It’s a challenging time for everyone in terms of generating new business.
Some clients are reluctant to engage with outside counsel and certain matters have been put on hold with the world being in such flux.
If you are a senior associate or junior partner who has lost momentum on building your book of business and/or brand due to the pandemic or you’re just starting to think about doing so, I have a few ideas for things you can do now to lay the groundwork to put yourself in a strong position in the future when it comes to lead generation.
Here are some ideas for how senior associates and junior partners can bring in business and build their brands:
- Develop a business development strategy. This is an important first step. A strategy based on a vision of the various components that you believe will lead to success and the individuals that will be “buyers” or connectors to “buyers” is essential. Without a clear strategy, and that includes an industry focus for most practice areas, your efforts will be scattered and inefficient. Start small and list out actionable goals and the steps you’ll need to take to accomplish them.
- Find internal and external champions. Having advocates and wise counsel of whom you can ask advice is very important for your career development. You can learn a lot from those who have walked in your shoes. Ask a trusted mentor or senior partner to recount what worked for them in marketing and rely on them as a sounding board.
- Use LinkedIn to develop relationships. LinkedIn is the most important social media network for professionals. Especially now. Use it often, and use it wisely. Reconnect with individuals with whom you haven’t spoken such as former colleagues from law school and former firms. Be active on LinkedIn by sharing posts and reacting to the posts of others in your network.
- Check in with individuals in your network. Right now, nothing is business as usual. The personal touch of reaching out to someone and asking them how they are doing will go a long way in terms of bolstering relationships. Your clients have a lot of choices when it comes to outside counsel. They often choose their lawyers based on likability, responsiveness and skills. The best thing you can do right now is to show your clients how much you care about them.
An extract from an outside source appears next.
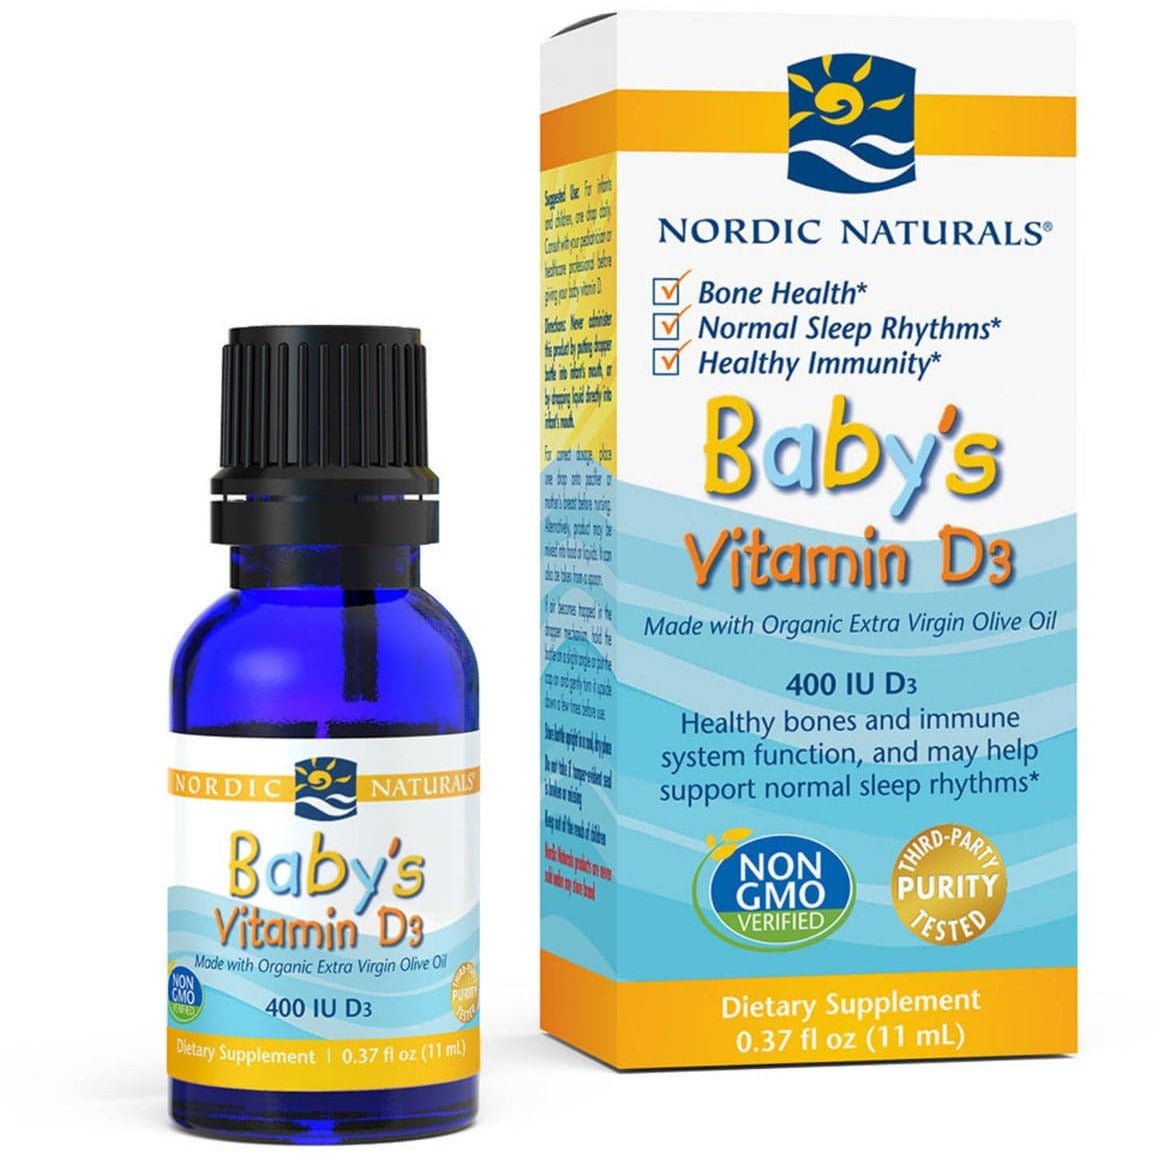 Nordic Naturals Baby's Vitamin D3 - Sklep Witaminki.pl.

- Every interaction with a client or prospect is an opportunity to impress and build trust. Remember that you are always being evaluated so put your best foot forward, intently listen and think carefully about what you say and do.
- Set up an informal referral network. Choose a key group of contacts where there is mutual benefit. You can get together virtually, brainstorm ideas and share information about your practices. This is especially effective if you are a specialist in a certain area or if you work at a niche firm.
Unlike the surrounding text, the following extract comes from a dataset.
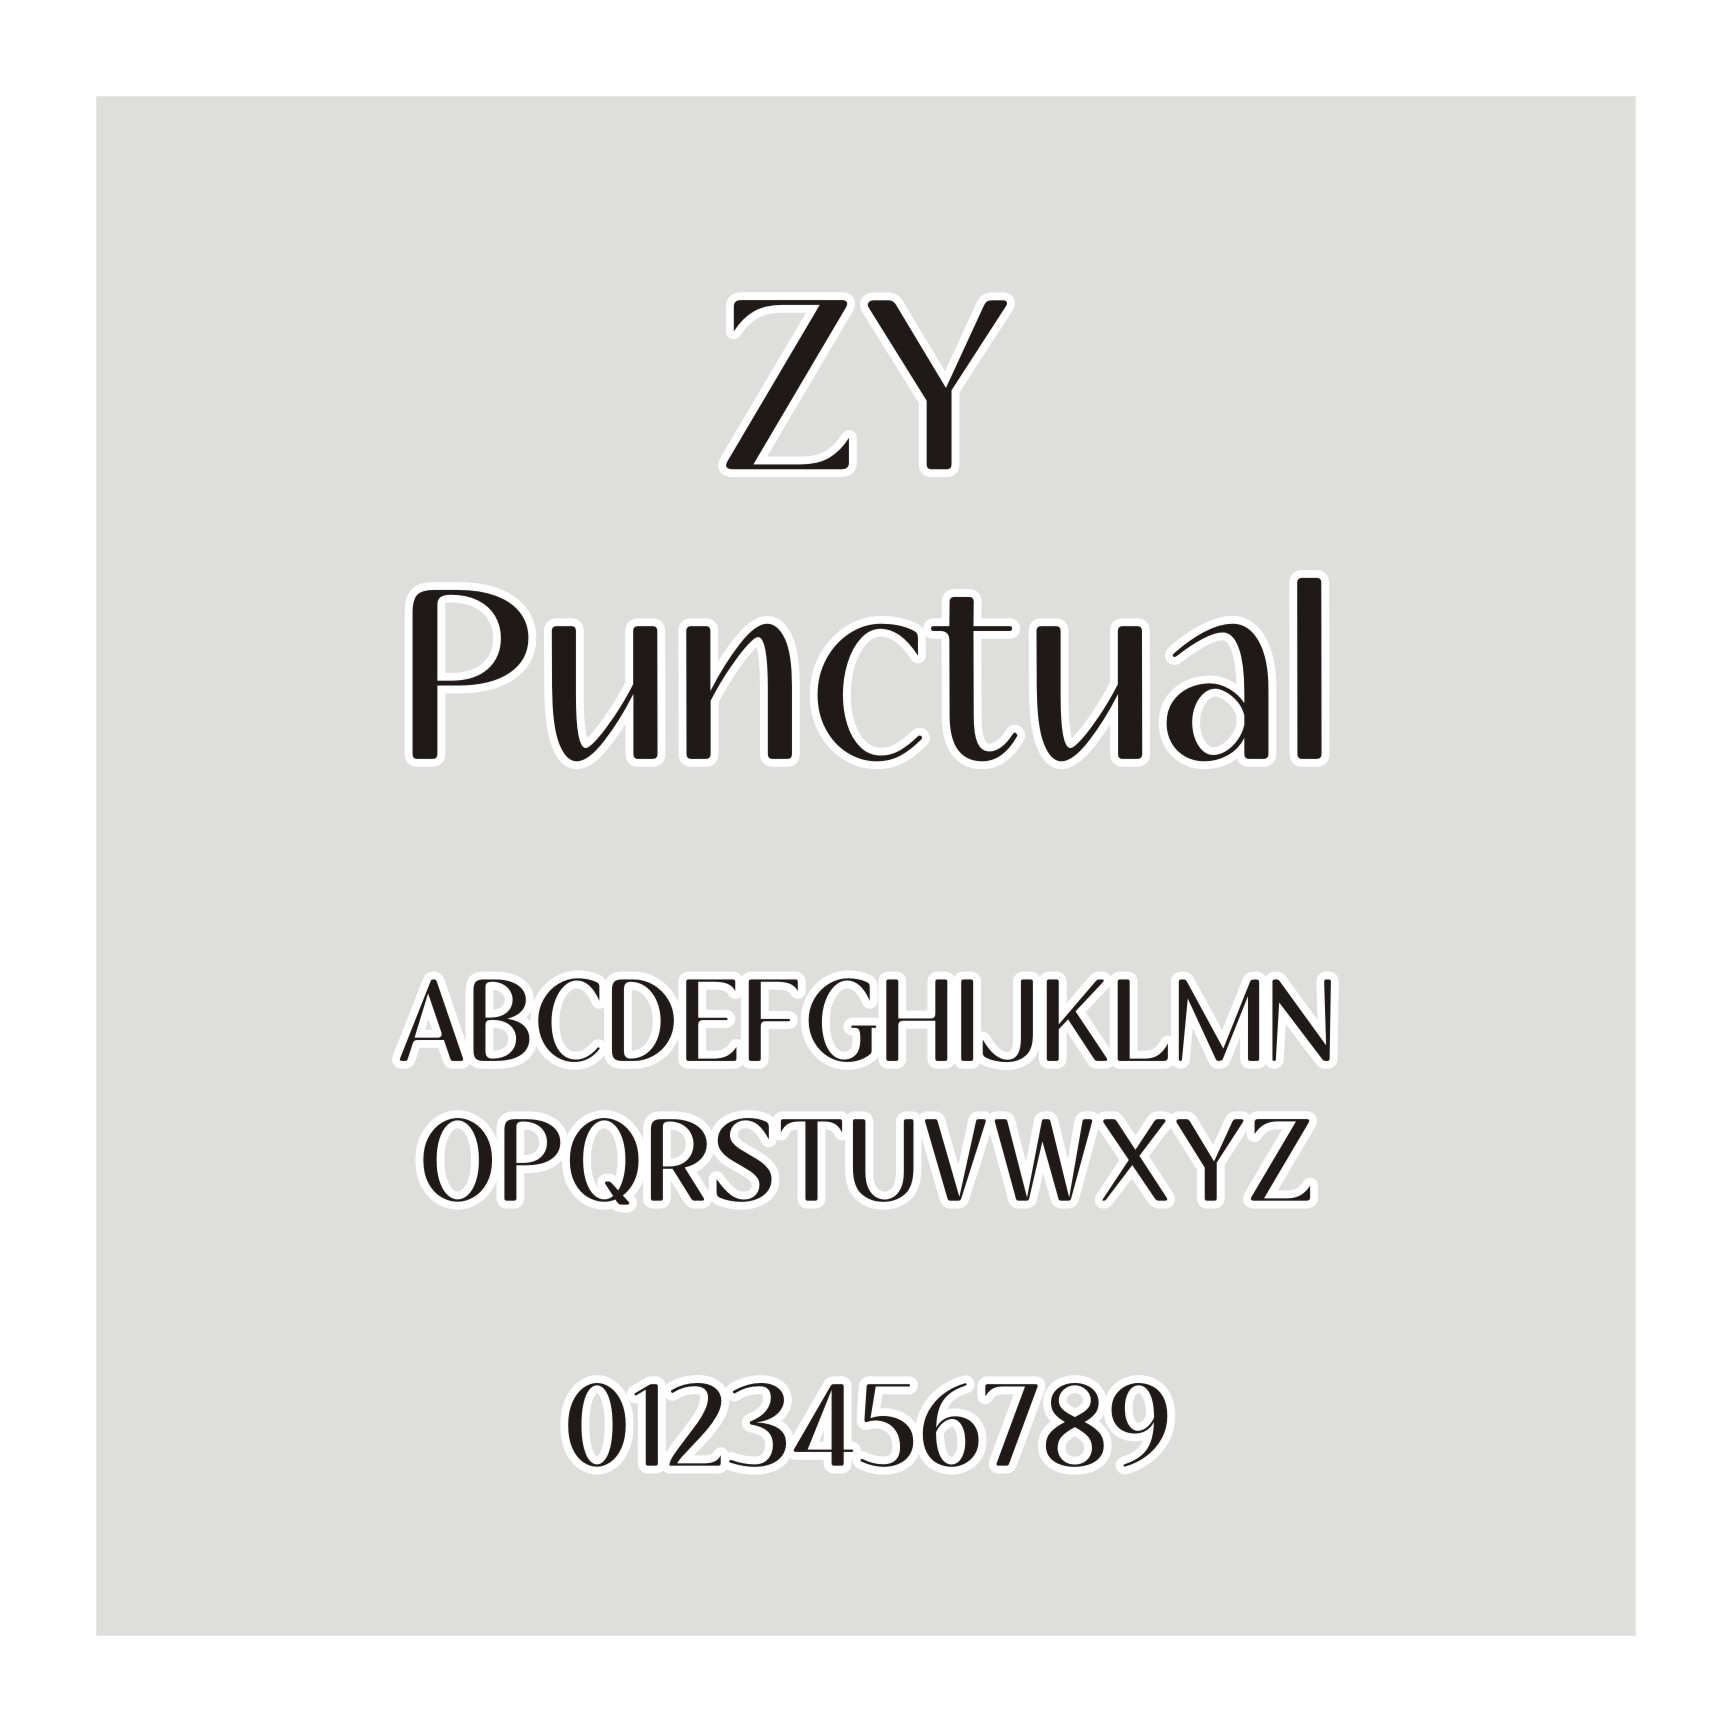 ZY Punctual

- Ask for help inside or outside of your firm to develop a cohesive plan based on the realities of the existing legal marketplace. Think about the various ways that business development will assist you to achieve your personal goals: income, impact, ideal way of practicing, independence, invulnerability, indulgence, etc. Keep whichever of these elements are important to you top of mind, they are your motivators and why you do this work.
- Offer to write client alerts and blog posts. One of the most effective ways to build your brand and become known as a subject matter expert is to become a published author. Offer to help out a busy partner on an alert and raise your hand to write for a firm blog. This will also help your search engine results, as content that is educational will move you up on Google and other major search platforms.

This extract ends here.